Mauer did express some concerns about the voting hours overlapping with recreation hours, which for about 10 inmates was the case. Budoo said that those ballots were left with the DOC staff coordinator who will work to get the ballots returned.
And of course some inmates change their mind about voting from the time they request their absentee ballot to voting day. That happened with at least one inmate who when approached in his cell to vote told the DOC and BOE staff that “oh hell no” he didn’t want to vote.
Just like any election day, the BOE staff had to be ready for anything and everything and the glare of the media spotlight watching a closely contested race is nothing like the glare of an inmate locked inside his cell watching your every move.
The interaction between BOE staff and voting inmates varied. Some of the inmates said not a word and simply, dutifully cast their ballots. Others had questions about candidates, which of course staff couldn’t answer. Some had questions about the process. Others seemed like they were just eager to speak with someone new.
While most of the voters seemed to carefully review their ballots, one voter entered an office where voting was taking place, declared, for all those who cared to listen, “I’m voting for [name withheld]” and he sat down, filled out the presidential portion of the ballot and didn’t even review the remainder of the ballot.

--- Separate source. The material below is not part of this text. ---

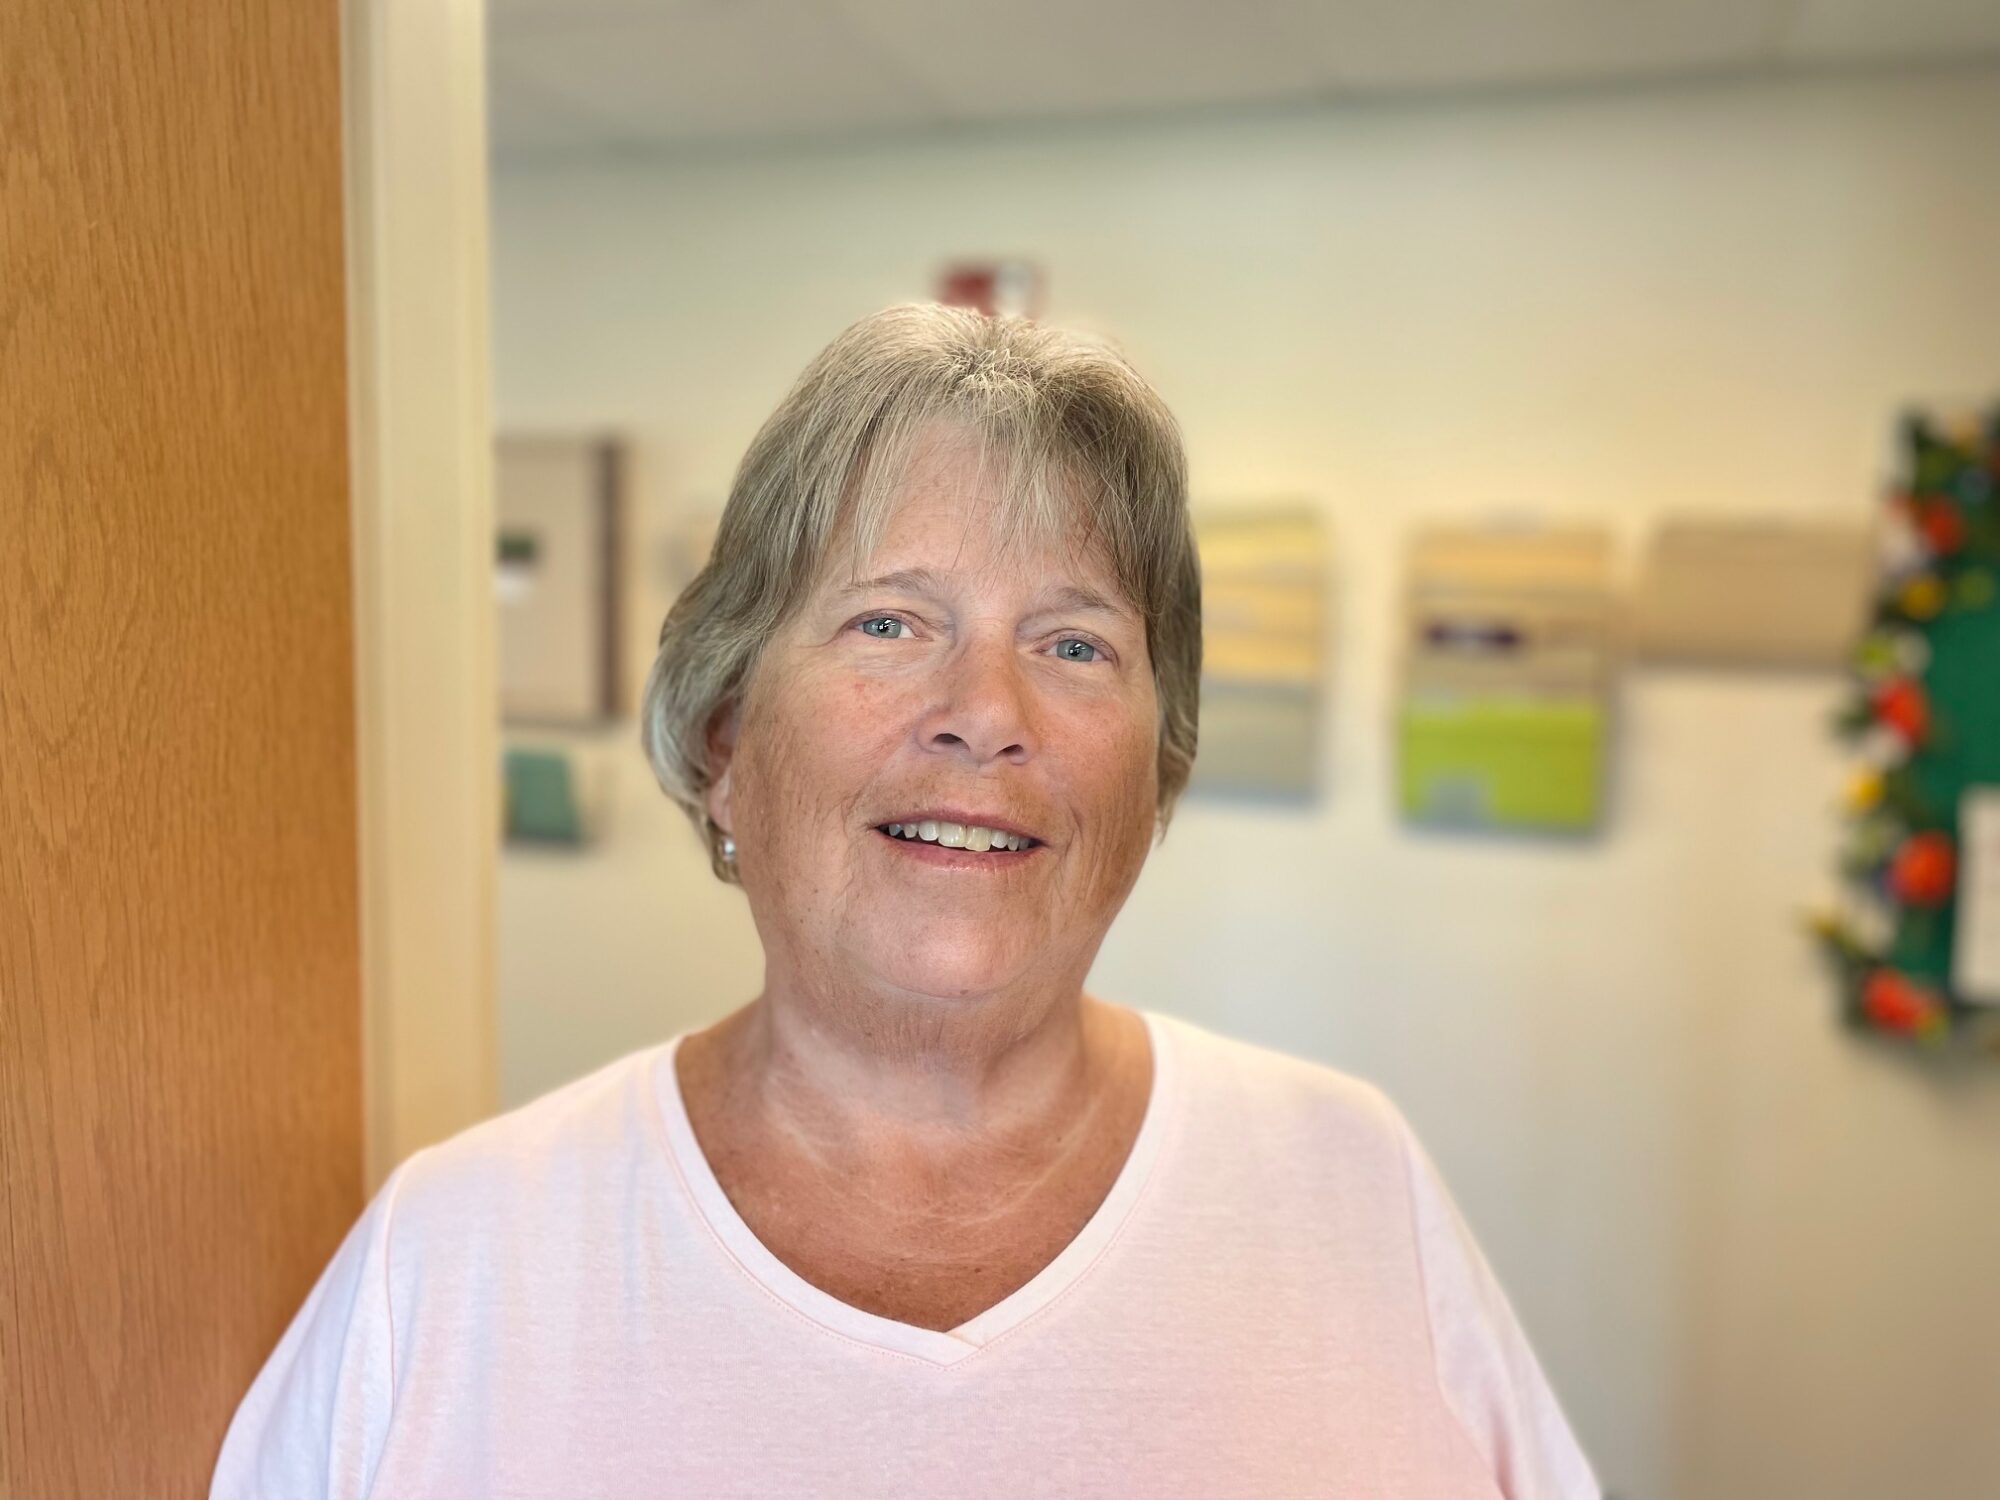 ST. ANDREWS PRESBYTERIAN CHURCH - Deb Rogers, Administrative Assistant

And some tried to find some humor in the situation like the one inmate who chose to lick his ballot envelope instead of using the glue stick in order to “get some additional nutrition.”
All the inmates who voted were very respectful of the BOE staff and observers.
That being said, being locked inside D.C. Jail and in close proximity to that many inmates could be disconcerting for some.
“Staff members who indicate that they would not be comfortable at the correctional facilities are not forced to participate in the program,” Budoo said. “Fortunately, we have no shortage of Board staff members who are willing to serve as volunteers; we have more individuals here who want to serve than we can actually take.”
The whole process took about three hours, which Budoo said was much better than in the early days when the process would take all day because instead of splitting up into three teams, all the inmates would come to one central location to vote. A process that for a variety of reasons just took a lot longer.
“I think the program is important because it lets the individuals know they are relevant in society and their voices are as important as anyone else’s,” Budoo said. “Even though the resources are limited at the jail, we are always thanked by the inmate population as well as DOC staff for conducting the program at the institution and giving individuals some sort of normalcy to let them know they still have rights.”
Oh and rest assured, “John” did indeed get two “I Voted” stickers.
Editor’s Note: I just wanted to publicly thank the D.C. Board of Elections for allowing me to tag along on this very special voting day. It was an incredible experience to watch men, who may be facing hopeless situations, to seem so hopeful about casting a ballot. This is what democracy looks like. [- Mindy]
As I noted in my recent profile of her, Mindy is someone who loves her city (and ALL the people who live there) more than almost anything – and that’s evident in her reporting on this story. Thanks to her for sharing this story – and kudos to DCBOE for taking the time to ensure that every eligible voter who wants to can cast a ballot.